Argument Description
all_pages If TRUE, walk all paginated index pages (~65). Default FALSE (first page only, polite).
max_pages Cap pages when all_pages = TRUE (e.g. max_pages = 3 while testing).
cache Use in-session memoised HTTP cache.

Returns: species (scientific name), slug (URL slug), url (full Sharkipedia URL).

idx <- sp_species_urls()
idx <- sp_species_urls(all_pages = TRUE, max_pages = 5)

sp_search(query, index = NULL, all_pages = FALSE, cache = TRUE)

Case-insensitive substring search on scientific names and slugs.

Argument Description
query Character vector of search terms (e.g. "Carcharhinus").
index Optional tibble from sp_species_urls().

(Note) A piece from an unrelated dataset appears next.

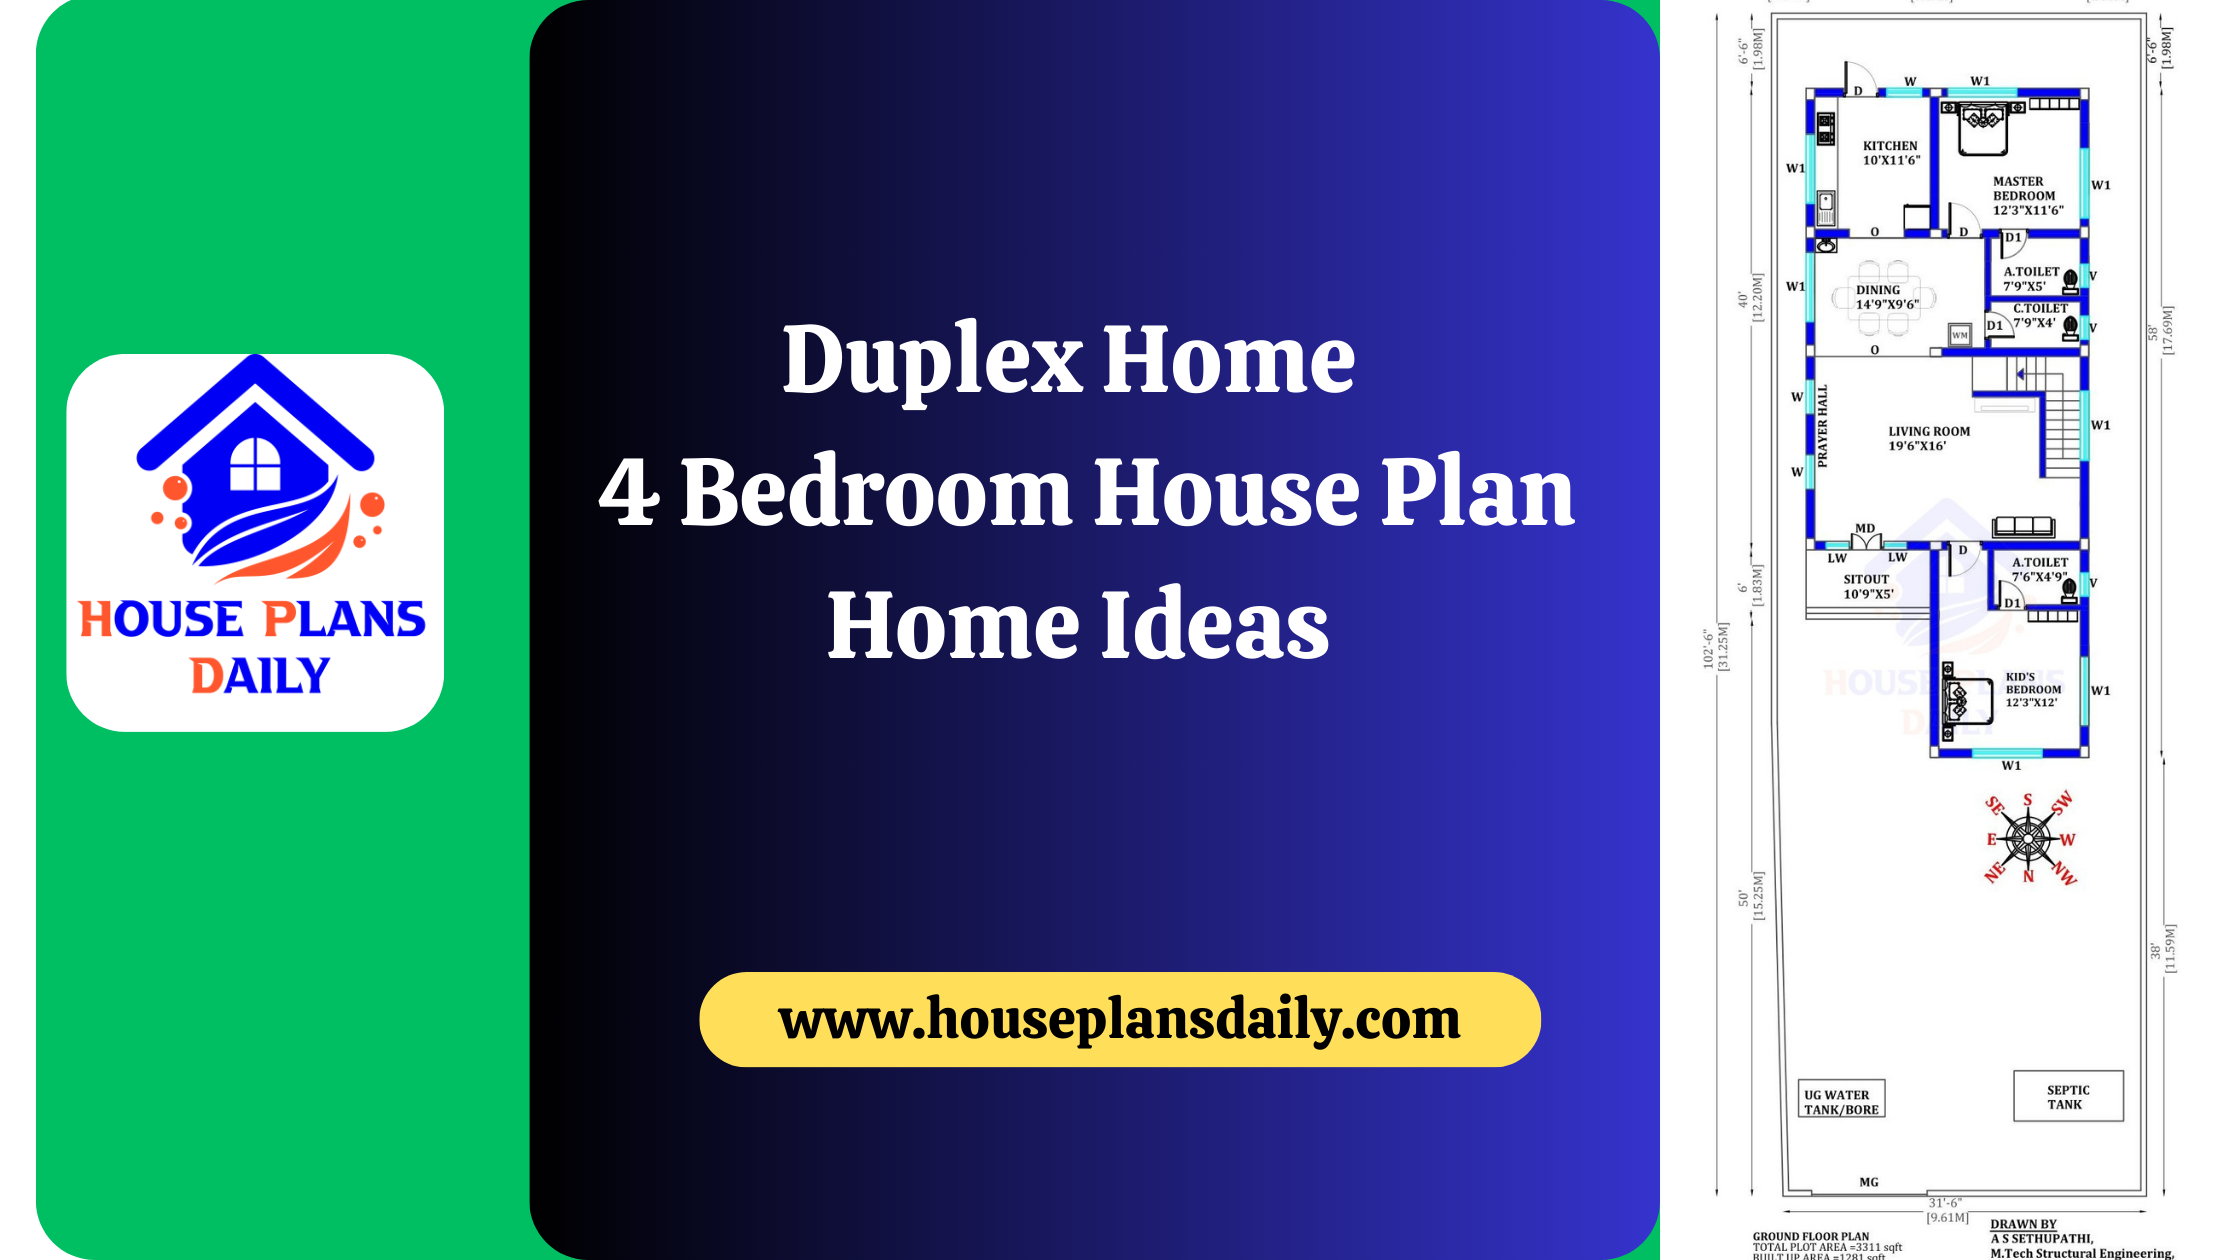 Duplex Home | 4 Bedroom House Plan | Home Ideas

Pass a full index to avoid re-downloading.
all_pages Used only if index is NULL — whether to build a full index first.

Returns: Matching rows from the index (species, slug, url).

sp_search("Carcharhinus")
idx <- sp_species_urls(all_pages = TRUE, max_pages = 10)
sp_search("rhincodon", index = idx)

Species-level data

sp_species(species, cache = TRUE)

Taxonomy and provenance for one species.

Argument Description
species Scientific name ("Carcharhinus acronotus"), slug, or full species URL.

Returns: One-row tibble: species, superorder, subclass, order, family, source_url, retrieved_at.

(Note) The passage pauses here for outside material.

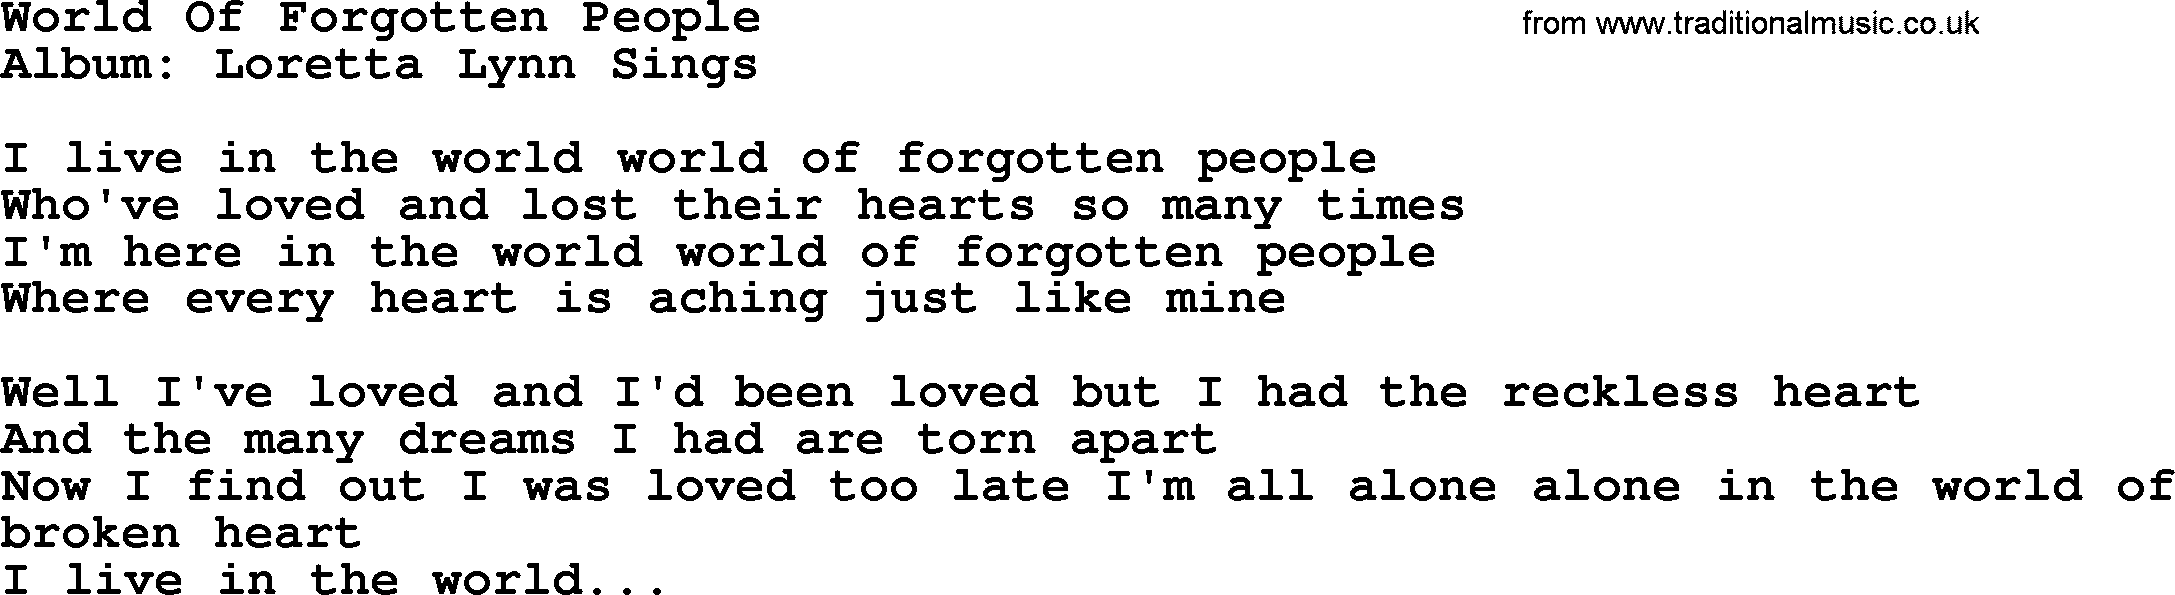 Loretta Lynn song: World Of Forgotten People lyrics

sp_species("Carcharhinus acronotus")

sp_traits(species, cache = TRUE)

Life-history trait measurements in long format.

Argument Description
species One name/URL or a character vector for batch download (adds species_input column).

Returns: Tibble with:

Column Description
trait_group Age, Length, Reproduction, Ecological Role, …
trait_name e.g. Amat50, Linf, Lmax-observed
value Reported value (character; use as.numeric() when needed)
standard Units or category (e.g. Year, cm)
value_type Often mean, median, …
sex Male, Female, Pooled, …
location Study or geographic location
reference Sharkipedia reference ID
source_url, retrieved_at Provenance
traits <- sp_traits("Carcharhinus acronotus")
traits <- sp_traits(c("Carcharhinus acronotus", "Alopias vulpinus"))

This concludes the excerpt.